→ Available data
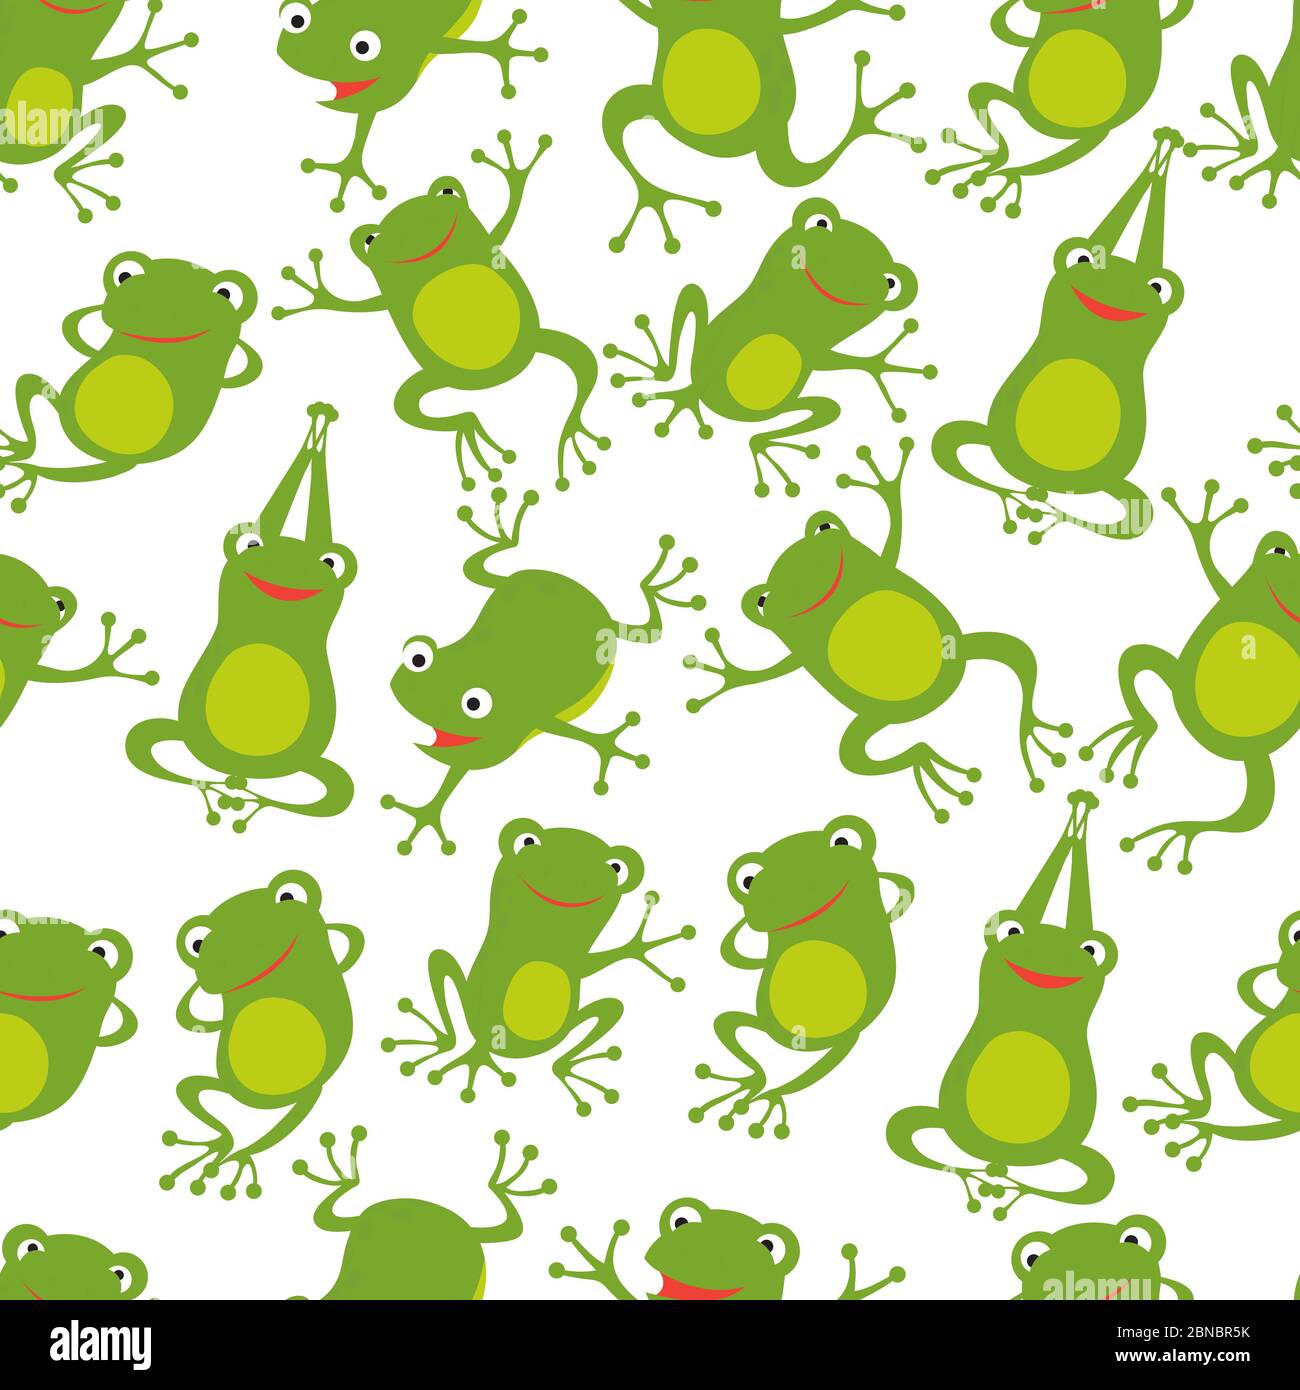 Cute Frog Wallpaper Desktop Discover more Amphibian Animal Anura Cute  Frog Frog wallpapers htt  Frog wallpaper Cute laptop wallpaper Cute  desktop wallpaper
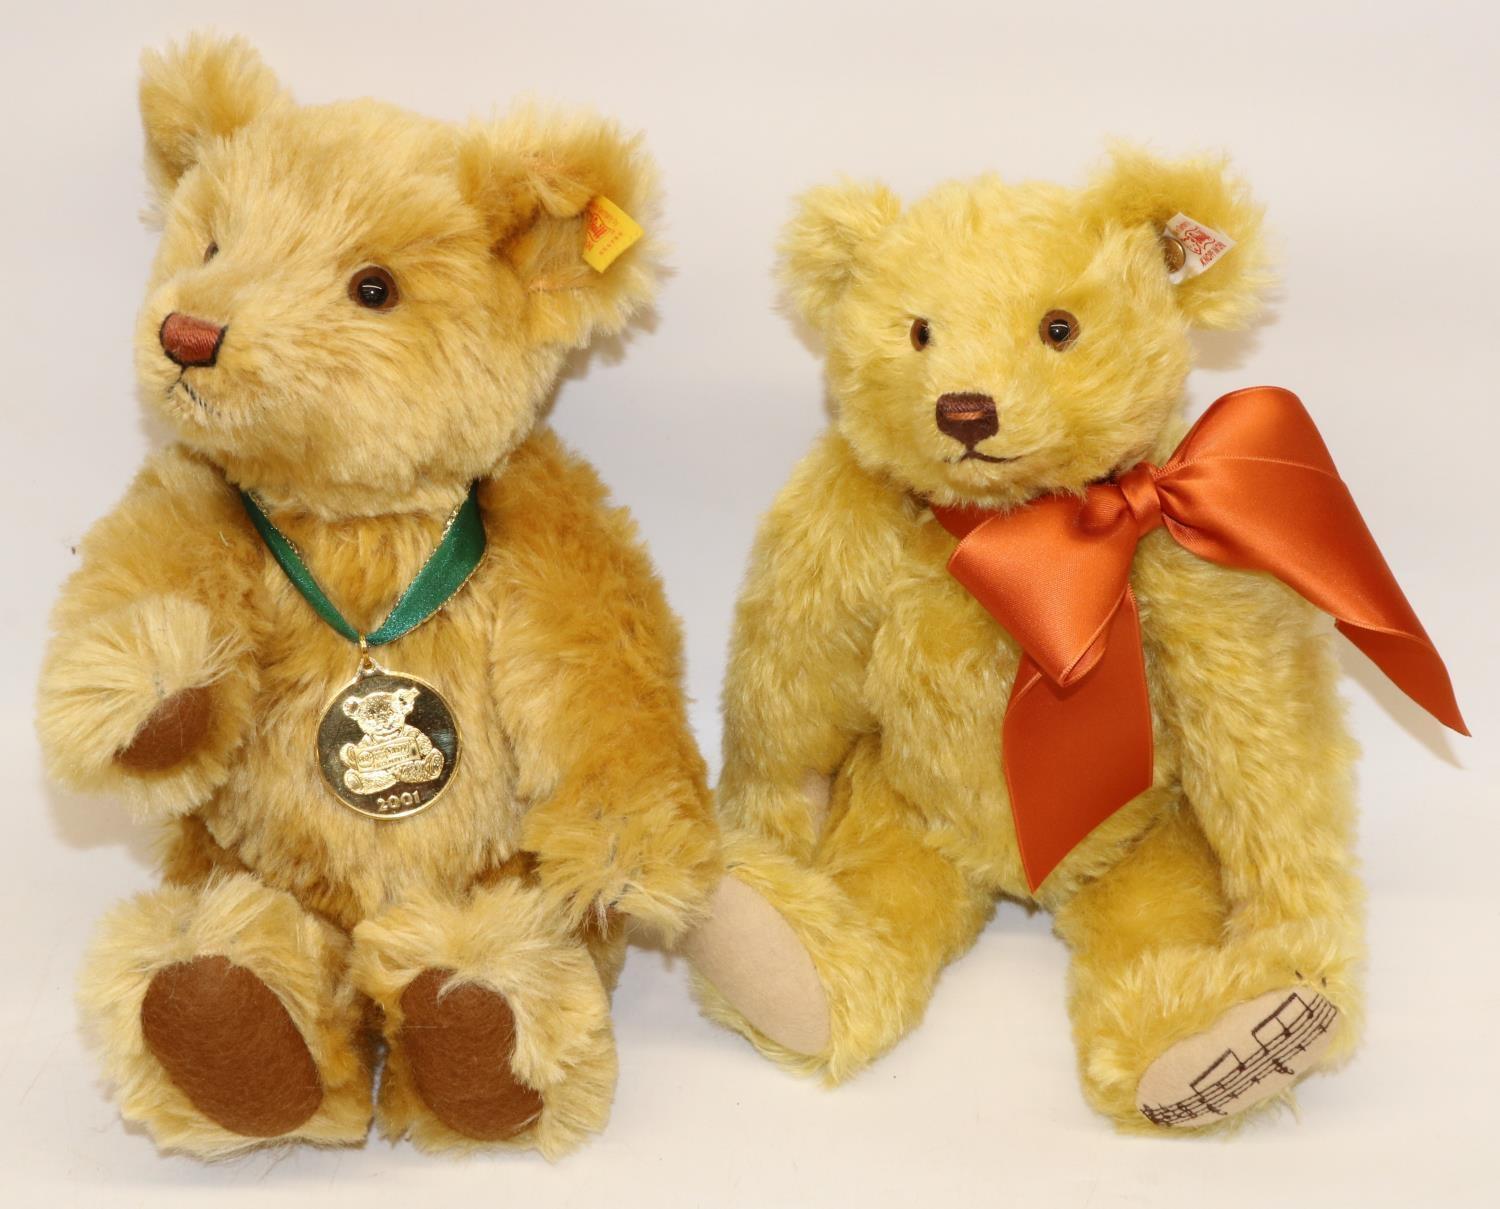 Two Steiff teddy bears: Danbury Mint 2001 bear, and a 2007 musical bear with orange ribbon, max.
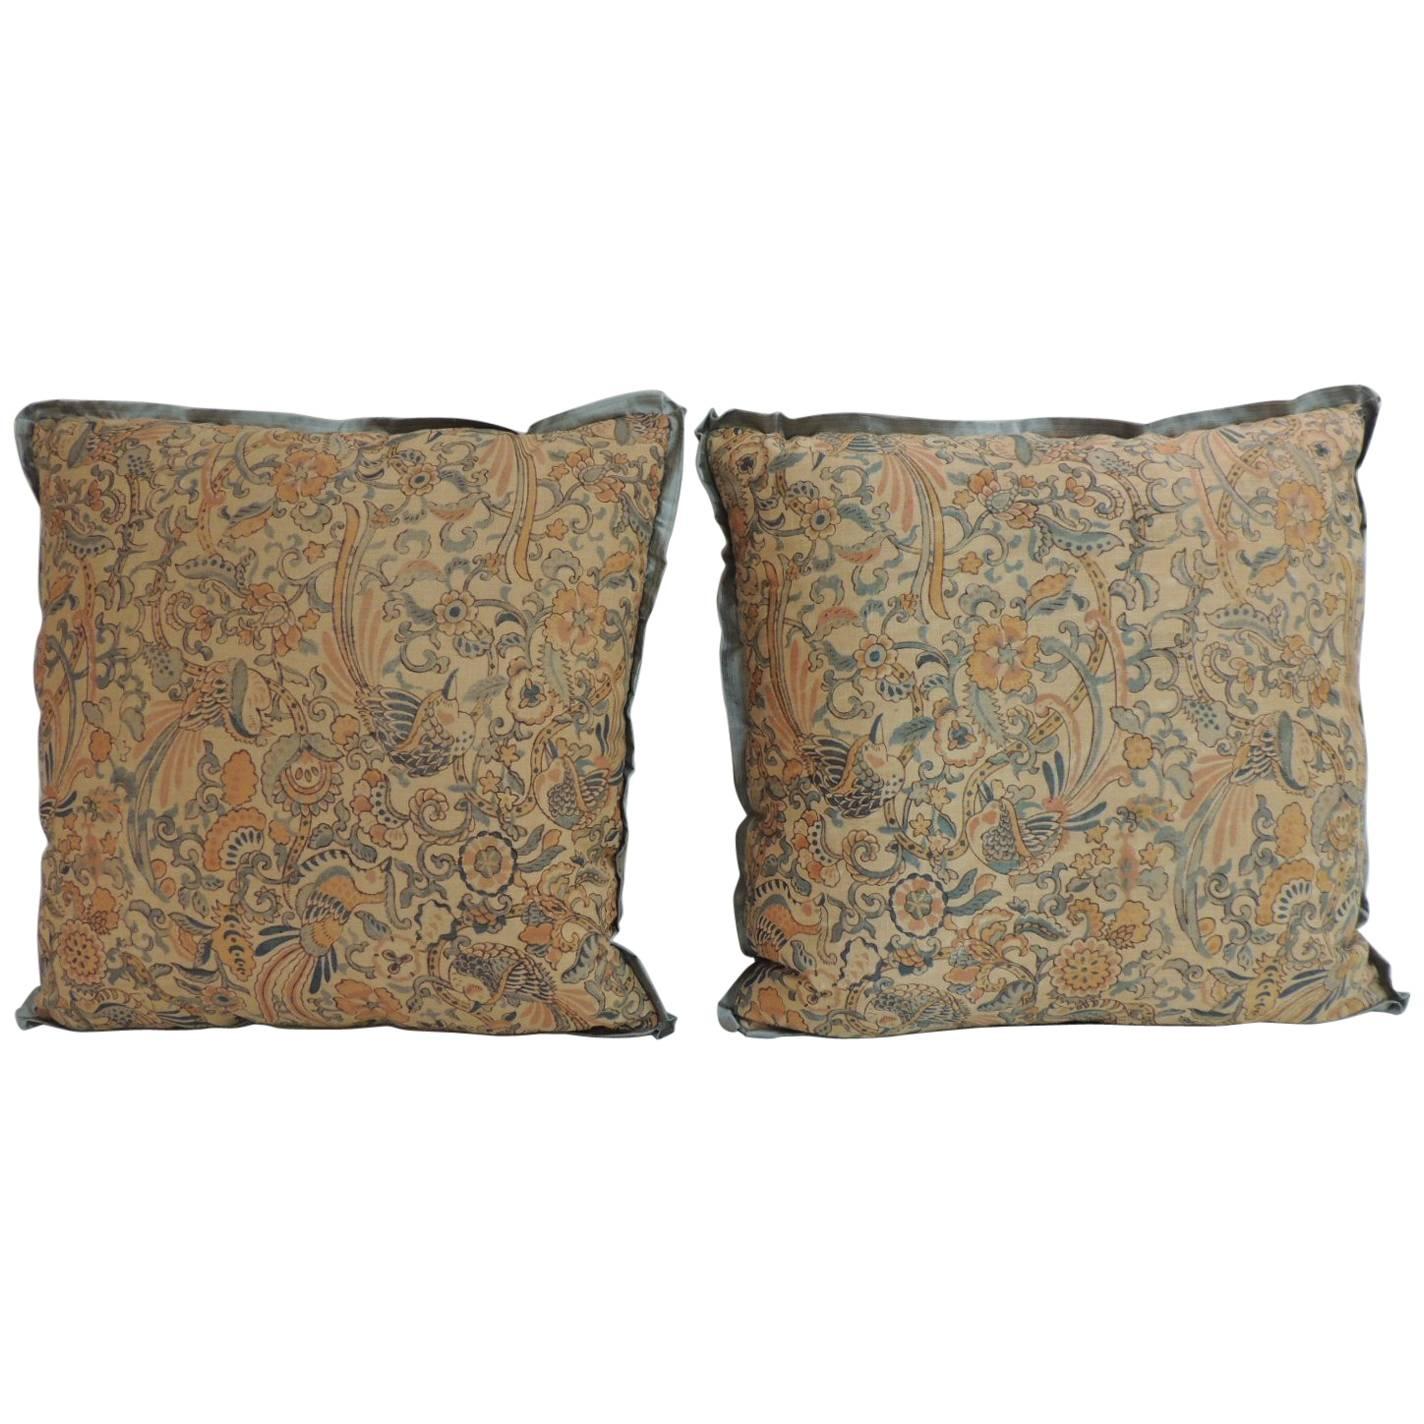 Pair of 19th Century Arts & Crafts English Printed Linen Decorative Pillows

→ Problem statement
Give back the material exactly as written, images excluded.

→ Output of the exercise
 Cute Frog Wallpaper Desktop Discover more Amphibian Animal Anura Cute  Frog Frog wallpapers htt  Frog wallpaper Cute laptop wallpaper Cute  desktop wallpaper
 Two Steiff teddy bears: Danbury Mint 2001 bear, and a 2007 musical bear with orange ribbon, max.
 Pair of 19th Century Arts & Crafts English Printed Linen Decorative Pillows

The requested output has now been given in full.